Simplify a factorial I have the problem to evaluate the following:
$$
(2n)!\over
2^n(n!)
$$
Does this reduce to anything in particular?
I stuck it into a computer and it's 
1: 1
2: 3
3: 15
4: 105
5: 945
6: 10395

No pattern immediately apparent.
 A: You won’t get a nice closed form, but there is another way to write it that is sometimes useful. Notice that
$$\begin{align*}2^nn!&=\underbrace{2\cdot2\cdot2\cdot\ldots\cdot2}_n\cdot1\cdot2\cdot3\cdot\ldots\cdot n\\&=(2\cdot1)(2\cdot2)(2\cdot3)\dots(2\cdot n)\\&=2\cdot4\cdot6\cdot\ldots\cdot 2n\;,\end{align*}$$
do some cancelling, and look at Qiaochu’s comment.
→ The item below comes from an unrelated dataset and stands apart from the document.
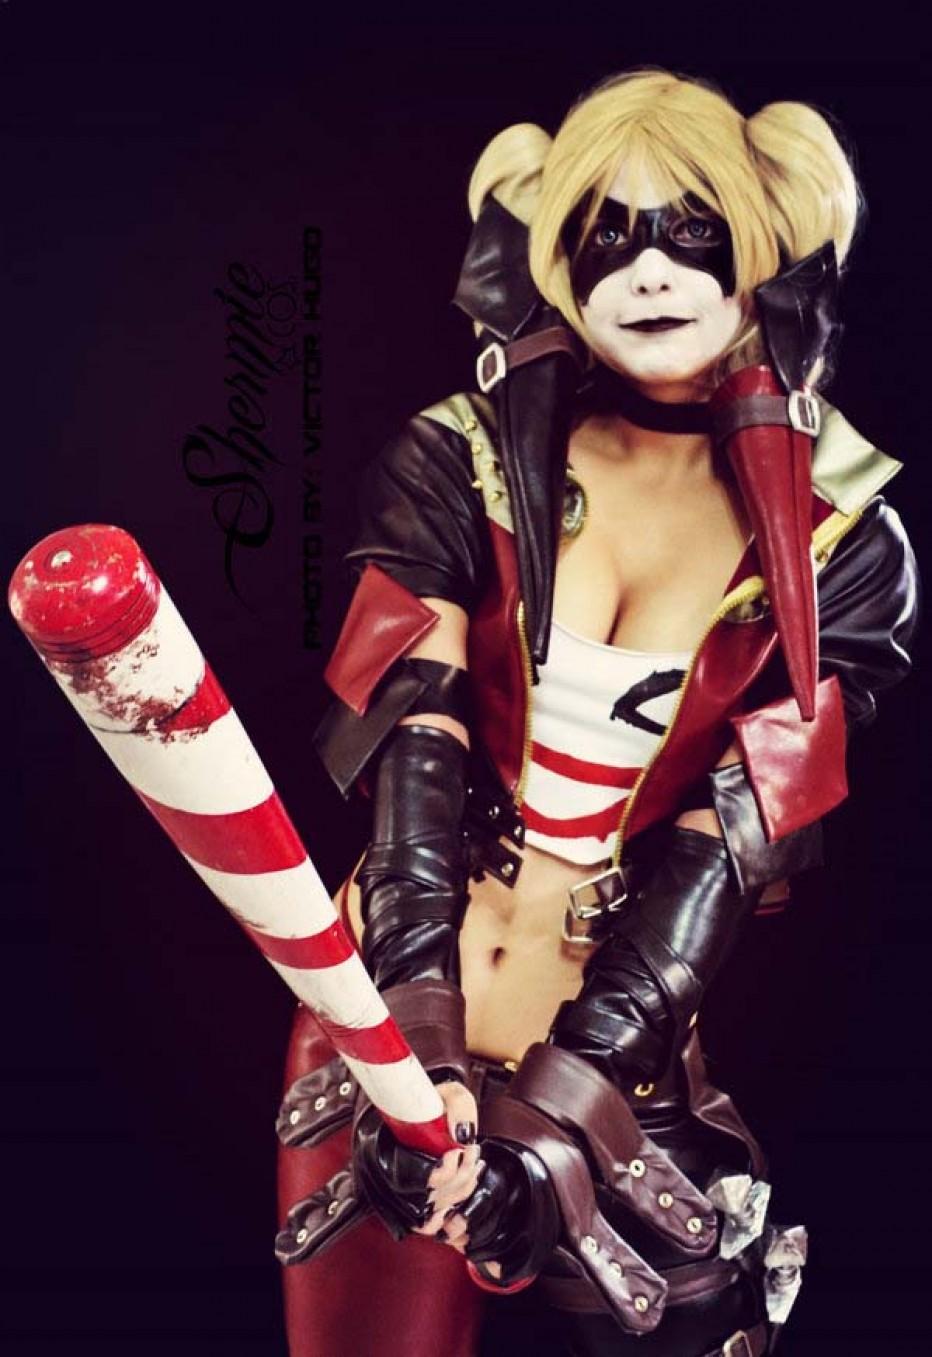 Harley-Quinn-Cosplay-Gamers-Heroes-7.jpg

A: You can use the identity
$$ (2n)! = \Gamma(2n+1) = {\frac {{2}^{2n} \Gamma  \left( n + 1\right) \Gamma 
\left( n + \frac{1}{2} \right) }{\sqrt {\pi }}}\,.$$
This leads to the simplification
$$\frac{(2n)!}{2^n n!} = \frac{ 2^n \Gamma(n+\frac{1}{2})}{\sqrt{\pi}} = \frac{ 2^n (n-\frac{1}{2})!}{\sqrt{\pi}}\,.$$
A: Since $(2n)! = (2n) \times (2n-1) \times \cdots \times 2 \times 1$. Split the product into products of even factors and odd factors:
$$
   (2n)! = \prod_{m=1}^{n} (2m) \cdot \prod_{m=1}^{n} (2m-1) = 2^n \prod_{m=1}^n m \cdot \prod_{m=1}^{n} (2m-1) = 2^n n! \prod_{m=1}^{n} (2m-1) 
$$
Therefore:
$$
   \frac{(2n)!}{2^n n!} = \prod_{m=1}^n (2m-1) = (2n-1)!!
$$
where $m!!$ denotes double factorial.
A: As Brian said, you will not get a nice closed form expression. You can also do a little algebra and arrive at an expression with gamma functions instead of factorials.
http://en.wikipedia.org/wiki/Gamma_function